FluentValidation 8.1 released
FluentValidation 8.1 is now available. This release contains several new features and bug fixes:
String Formatting in Message Placeholders
FluentValidation has always supported placeholders within error messages, such as {PropertyValue}
:
RuleFor(x => x.Age).GreaterThan(18).WithMessage("Must be older than 18 years. You entered {PropertyValue} years.");
Now you can also specify standard .NET formatting strings as part of the placeholder, such as {PropertyValue:d}
or {PropertyValue:p1}
etc.
Overriding Indexers for Collection Rules
Collection rules built using RuleForEach
now allow you to override the indexer. For example, imagine you defined a collection rule against an collection of Address lines:
RuleForEach(x => x.AddressLines).NotNull();
…Then the validator would generate validation failures for properties person.AddressesLines[0]

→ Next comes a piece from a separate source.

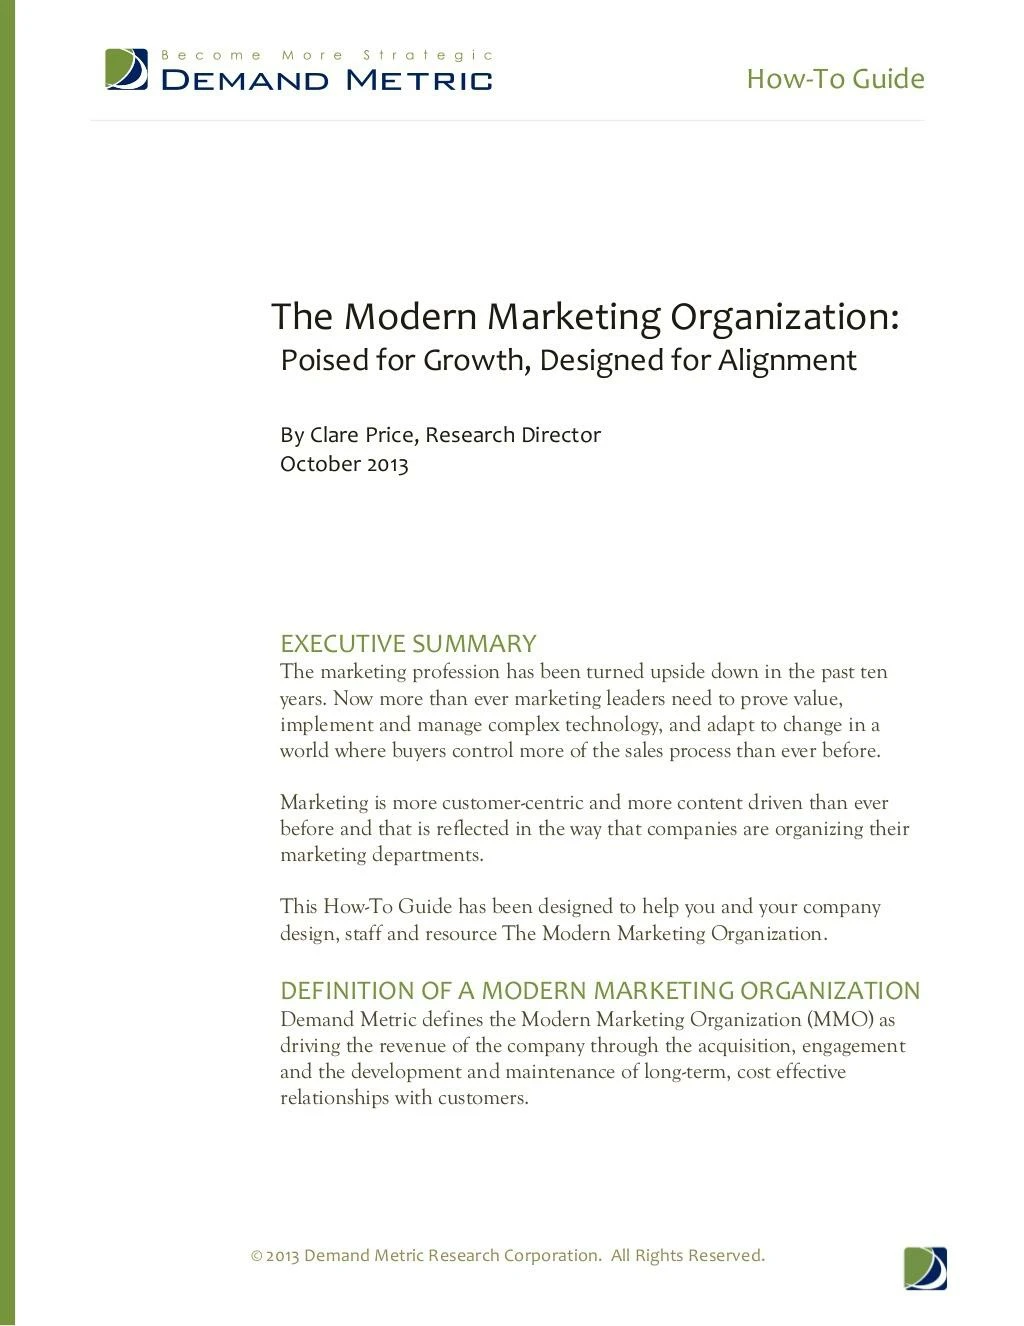 how to guide the modern marketing organization

and person.AddressLines[1]
etc. The indexer would always be the numeric index within the collection surrounded by square brackets. This can now be overridden to use something different, or remove the indexer completely. Eg:
v.RuleForEach(x => x.AddressLines)
.OverrideIndexer((x, collection, element, index) => "<" + index + ">")
.NotNull()
This would use angle brackets rather than square brackets in the generated indexer.
Error code can now be used to select a different default error message.

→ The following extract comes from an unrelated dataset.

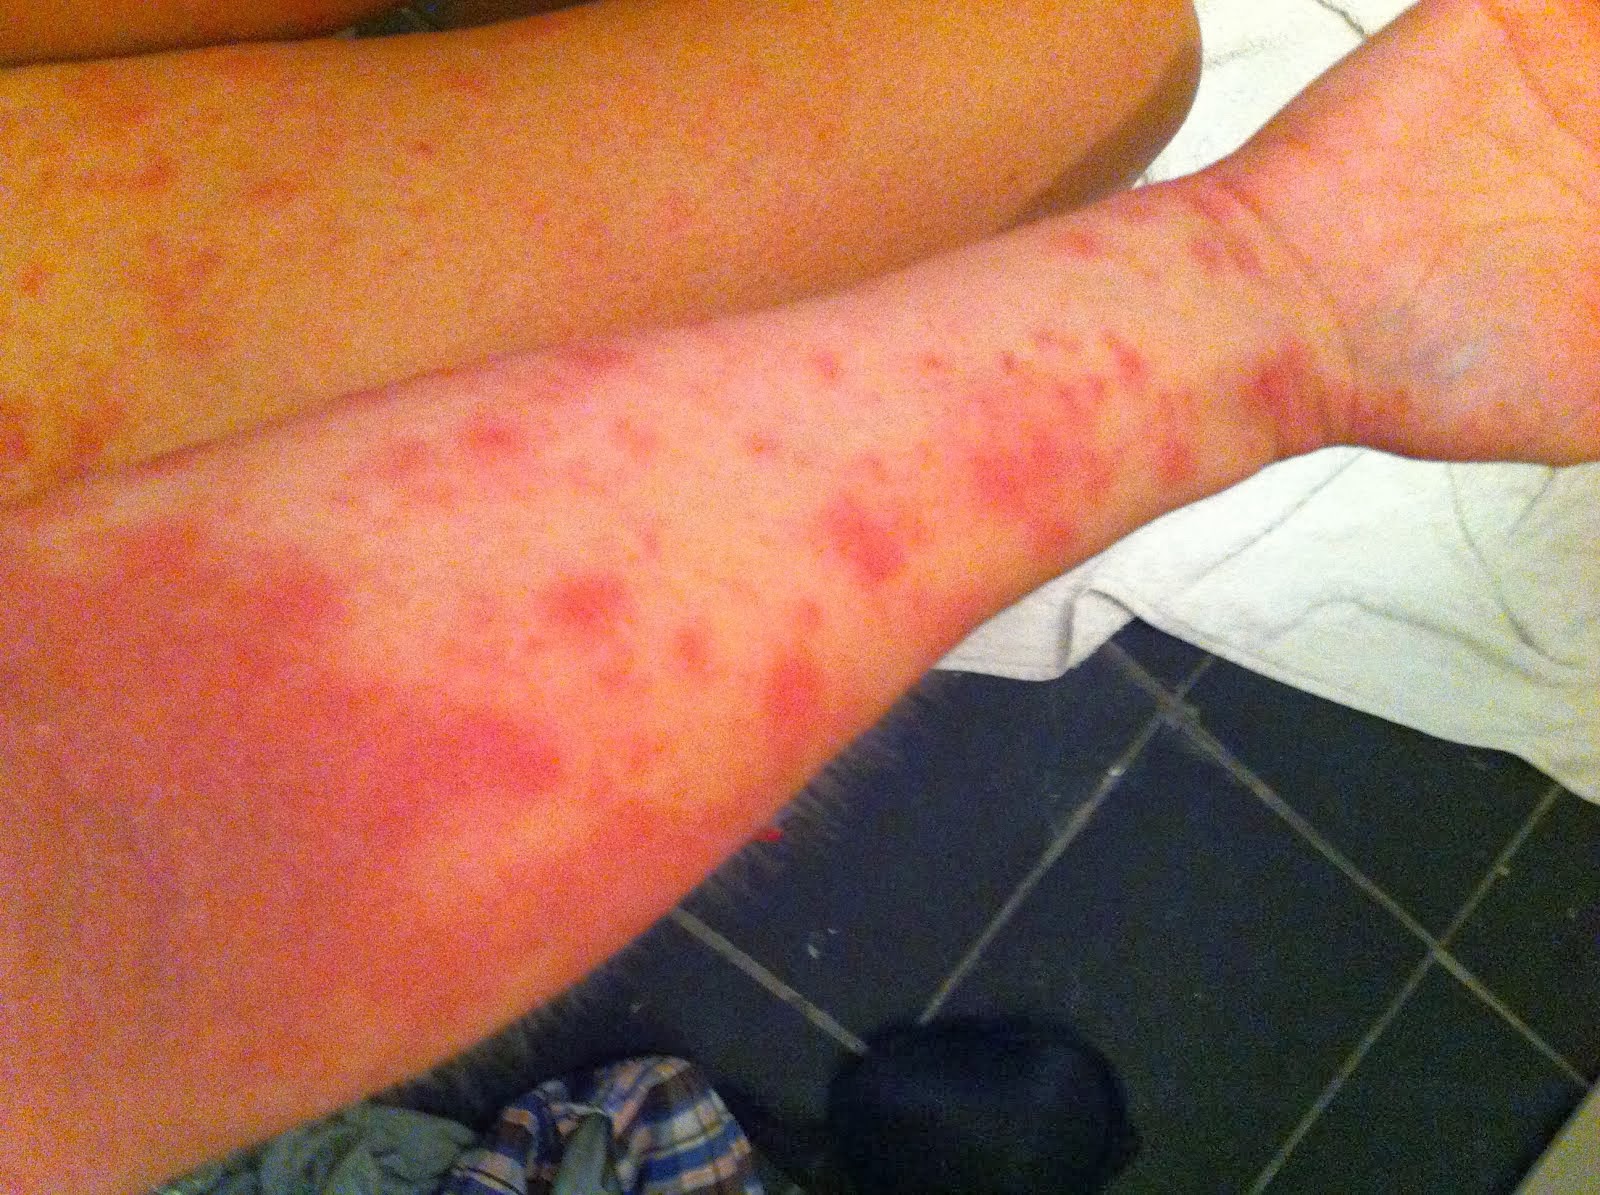 My Eczema Pictures - The first

You can now use error codes to point to a particular error message stored in the default language manager. For example, the default ‘NotNull’ validation message has a code of NotNullValidator
and a message of '{PropertyName}' must not be empty.
If you want to use this message from inside a different validator (eg for a custom validator), you would have to hard-code the message again:
RuleFor(x => x.Name).NotNull(); //defaults to '{PropertyName}' must not be empty.

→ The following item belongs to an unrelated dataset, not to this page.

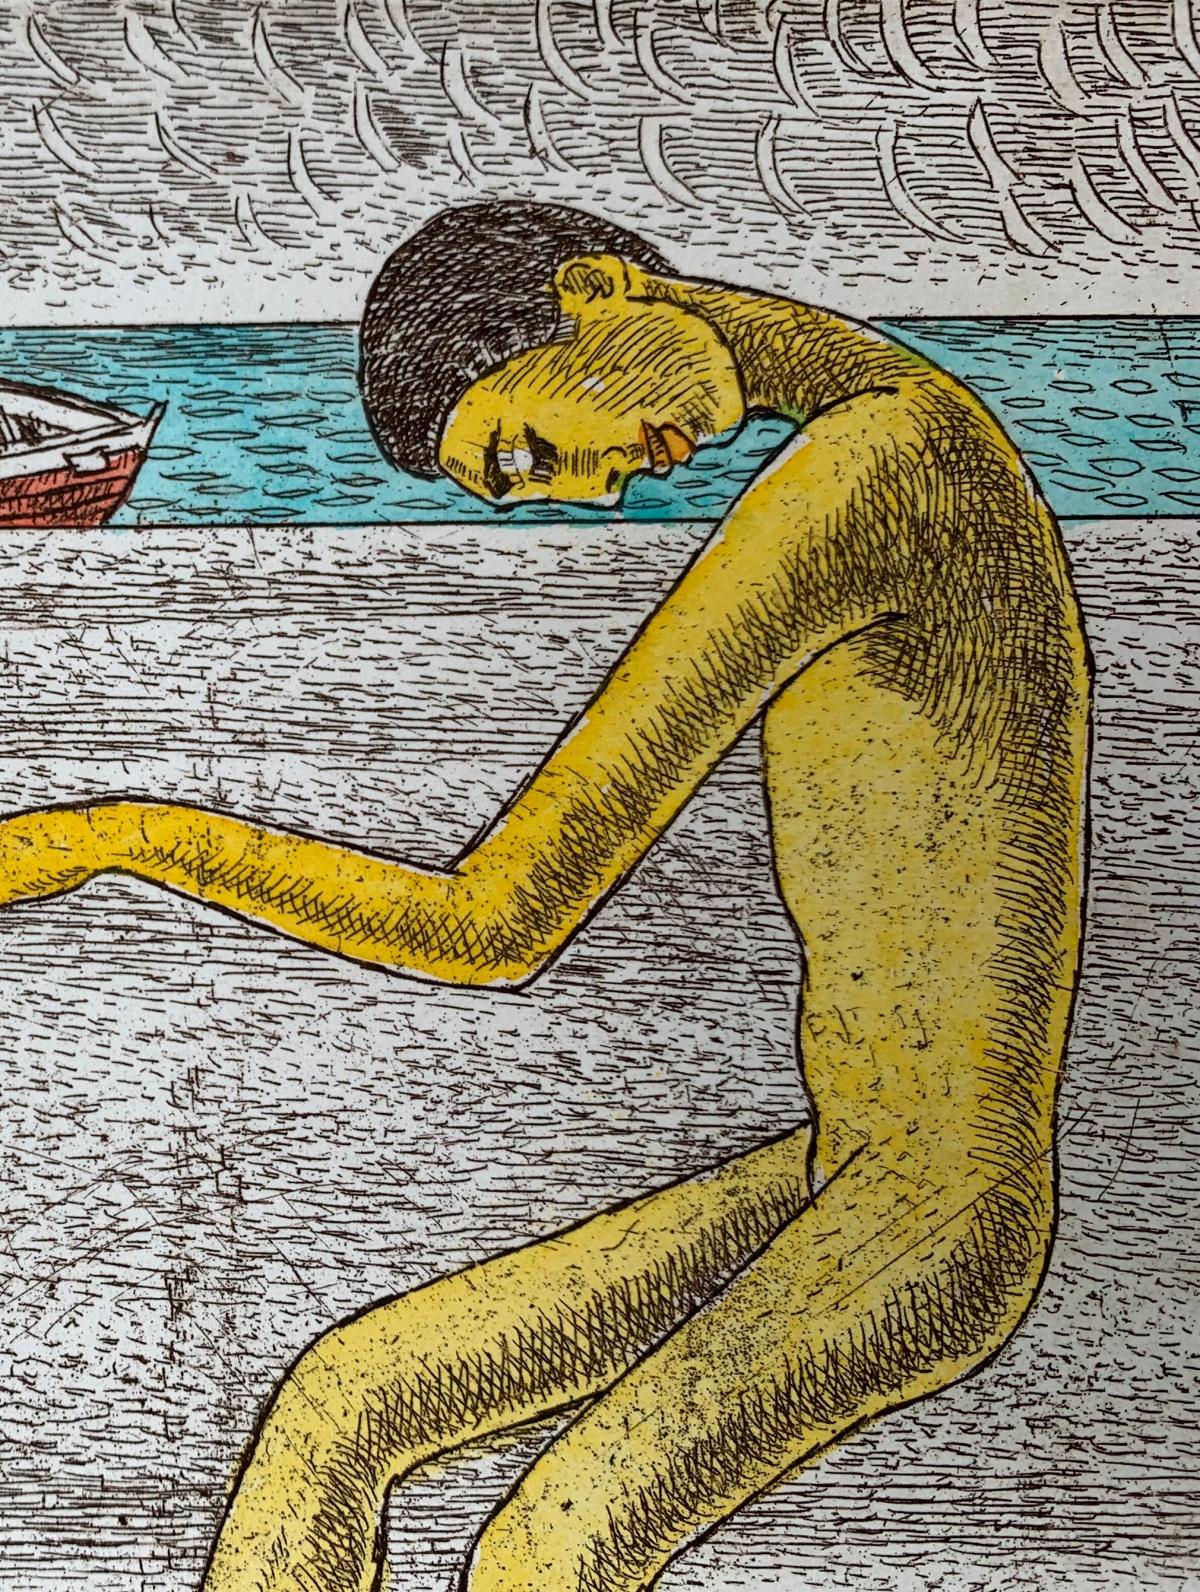 A proposal - Contemporary Figurative Etching Print, Nude, Colorful - Brown Nude Print by Czeslaw Tumielewicz

// `Must` has its own default error message, so if you want to use the NotNull message you'd have to specify it explicitly
RuleFor(x => x.Name).Must(name => name != null).WithMessage("'{PropertyName}' must not be empty.");
However now you can select a message based on error code:
RuleFor(x +> x.Name).Must(name => name != null).WithErrorCode("NotNullValidator");
Test Helper improvements
Additional details are now shown in the output for ShouldNotHaveValidationErrorFor
.
Conditional validation improvements
If you use the top-level When
or Unless
methods to wrap multiple rules, the condition check is now cached and only executed once.
// The IsStudnet check will now only be executed once.
When(x => x.IsStudent, () => {
RuleFor(x => x.StudentNumber).NotNull();
RuleFor(x => x.Courses).NotNull();
});
There’s also a new Otherwise
method that can now be chanined onto a When
or Unless
to do its opposite, without having to set up a second When
call with the opposite condition:
When(x => x.IsStudent, () => {
RuleFor(x => x.StudentNumber).NotNull();
RuleFor(x => x.Courses).NotNull();
}).Otherwise(() => {
RuleFor(x => x.StudentNumber).Null();
});
Other minor changes
- MVC 5’s
CustomizeValidatorAttribute
now has theSkip
property, like WebApi and AspNetCore, allowing auto-validation to be skipped for specific action parameters. - Japanese language translation
- The overload of
OverridePropertyName
that takes an expression can now use an expression with any return value, not just strings. - Minor wording changes to the default English error messages.